In order to compare the three tools I’ll be discussing this month, I
needed to write some sample code with known mistakes in it. I’m sure
I could have used some of my existing code, but I wanted to see how
the tools responded to pre-arranged situations. Listing 1 shows the
carefully crafted bad code I’ll be using for all of the tests. Take a
minute now to see how many of the problems you can spot yourself, then
compare your results with what the tools found.

Listing 1

 1
 2
 3
 4
 5
 6
 7
 8
 9
10
11
12
13
14
15
16
17
18
19
20
21
22
23
24
25
26
27
28
29
30
31
32
33
34
35
36
37
#!/usr/bin/env python
# encoding: utf-8
"""
"""

import string

module_variable = 0

def functionName(self, int):
    local = 5 + 5
    module_variable = 5*5
    return module_variable

class my_class(object):
    
    def __init__(self, arg1, string):
        self.value = True
        return

    def method1(self, str):
        self.s = str
        return self.value

    def method2(self):
        return
        print 'How did we get here?'
    
    def method1(self):
        return self.value + 1
    method2 = method1
    
class my_subclass(my_class):
    
    def __init__(self, arg1, string):
        self.value = arg1
        return

PyChecker

One of the oldest lint tools for Python is PyChecker, by Eric Newton,
John Shue, and Neal Norwitz. The last official release of PyChecker
was in 2006, but it looks like more recent work has been done in the
CVS repository (I tested version 0.8.17 for this article). Although
the project is only “lightly maintained”, many readers reported using
it, and the authors intend to provide a release with better Python 2.5
support soon.

I downloaded the tar.gz file from sourceforge.net manually, and I was
able to install the program by unpacking the tarball and running
python setup.py install (in a fresh virtualenv environment, of
course). Once I had it installed, I ran it with the default settings
to produce this output:

 1
 2
 3
 4
 5
 6
 7
 8
 9
10
11
12
13
14
15
16
17
18
$ pychecker Listing1.py
Processing Listing1...

Warnings...

Listing1.py:6: Imported module (string) not used
Listing1.py:10: Parameter (int) not used
Listing1.py:10: self is argument in function
Listing1.py:11: Local variable (local) not used
Listing1.py:12: Local variable (module_variable)
shadows global defined on line 8
Listing1.py:13: Local variable (module_variable)
shadows global defined on line 8
Listing1.py:17: Parameter (arg1) not used
Listing1.py:17: Parameter (string) not used
Listing1.py:29: Redefining attribute (method1)
original line (21)
Listing1.py:35: Parameter (string) not used

As you see, it found quite a few of the creative problems I inserted
into the test code. It did not warn me, however, that I was
overriding the builtin int() with the argument to my function on
line 10, or the imported module string with the argument to
__init__() on line 17. It caught one example of redefining a
method but not the second.

The help text for the program (accessed with the usual -h option)
indicates that there are quite a few checks not enabled by default.
Some of these include tests for unused class member variables,
unreachable code, and missing docstrings. Adding the –var
option, for example, exposes the unused module-level variable on line
eight.

Specifying options on the command line can be a bit cumbersome,
however, so PyChecker supports three other ways to specify
preferences. First, you can include a __pychecker__ string in
your code to enable or disable the options you want to use. The
second way to pass options to PyChecker is by using the PYCHECKER
environment variable using the same syntax as __pychecker__.

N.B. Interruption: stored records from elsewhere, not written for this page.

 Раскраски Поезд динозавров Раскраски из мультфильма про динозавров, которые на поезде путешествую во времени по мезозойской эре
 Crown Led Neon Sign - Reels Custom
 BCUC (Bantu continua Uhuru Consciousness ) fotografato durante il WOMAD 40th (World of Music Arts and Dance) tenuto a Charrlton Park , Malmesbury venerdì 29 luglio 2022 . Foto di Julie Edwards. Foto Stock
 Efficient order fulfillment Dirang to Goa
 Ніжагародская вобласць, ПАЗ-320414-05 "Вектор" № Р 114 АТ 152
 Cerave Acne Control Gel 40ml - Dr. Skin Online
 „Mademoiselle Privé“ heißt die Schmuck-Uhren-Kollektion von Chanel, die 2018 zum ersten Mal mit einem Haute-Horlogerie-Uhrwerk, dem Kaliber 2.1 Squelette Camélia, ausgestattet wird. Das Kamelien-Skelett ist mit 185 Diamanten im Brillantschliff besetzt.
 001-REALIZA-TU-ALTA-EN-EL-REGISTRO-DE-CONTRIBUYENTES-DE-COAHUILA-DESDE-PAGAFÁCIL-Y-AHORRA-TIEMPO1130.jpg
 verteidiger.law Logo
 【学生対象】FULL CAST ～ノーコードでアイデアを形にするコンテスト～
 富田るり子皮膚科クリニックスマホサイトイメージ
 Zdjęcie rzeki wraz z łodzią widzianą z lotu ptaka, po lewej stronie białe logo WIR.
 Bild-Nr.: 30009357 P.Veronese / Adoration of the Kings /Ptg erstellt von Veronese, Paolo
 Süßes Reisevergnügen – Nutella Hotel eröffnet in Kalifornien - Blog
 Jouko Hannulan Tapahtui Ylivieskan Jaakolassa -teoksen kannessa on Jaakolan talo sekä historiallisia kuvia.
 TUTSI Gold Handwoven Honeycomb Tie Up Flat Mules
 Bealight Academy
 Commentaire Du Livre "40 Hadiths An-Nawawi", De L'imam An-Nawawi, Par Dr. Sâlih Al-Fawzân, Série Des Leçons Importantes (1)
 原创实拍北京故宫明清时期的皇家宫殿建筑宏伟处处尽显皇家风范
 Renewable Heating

The third means of controlling the tests performed uses a
configuration file for site or project-wide parameters. By default
the file is $HOME/.pycheckerrc, and there is a command line option
to specify a separate file (if, for example, you want to include the
file in your version control system with your source code). The
.pycheckerrc config file uses Python syntax to set the options,
but the names may be different from the names used on the command line
(allVariablesUsed instead of var, for this example). The
–rcfile option prints out a complete set of the options given in
a format easy to capture and save as your configuration file.

pylint

The second program I looked at for this column is pylint, from a team
of developers organized through Logilab. The documentation for pylint
refers directly to PyChecker as a predecessor, but it claims to also
test code against a style guide or coding standard. pylint also
supports a plugin system for adding your own custom checks.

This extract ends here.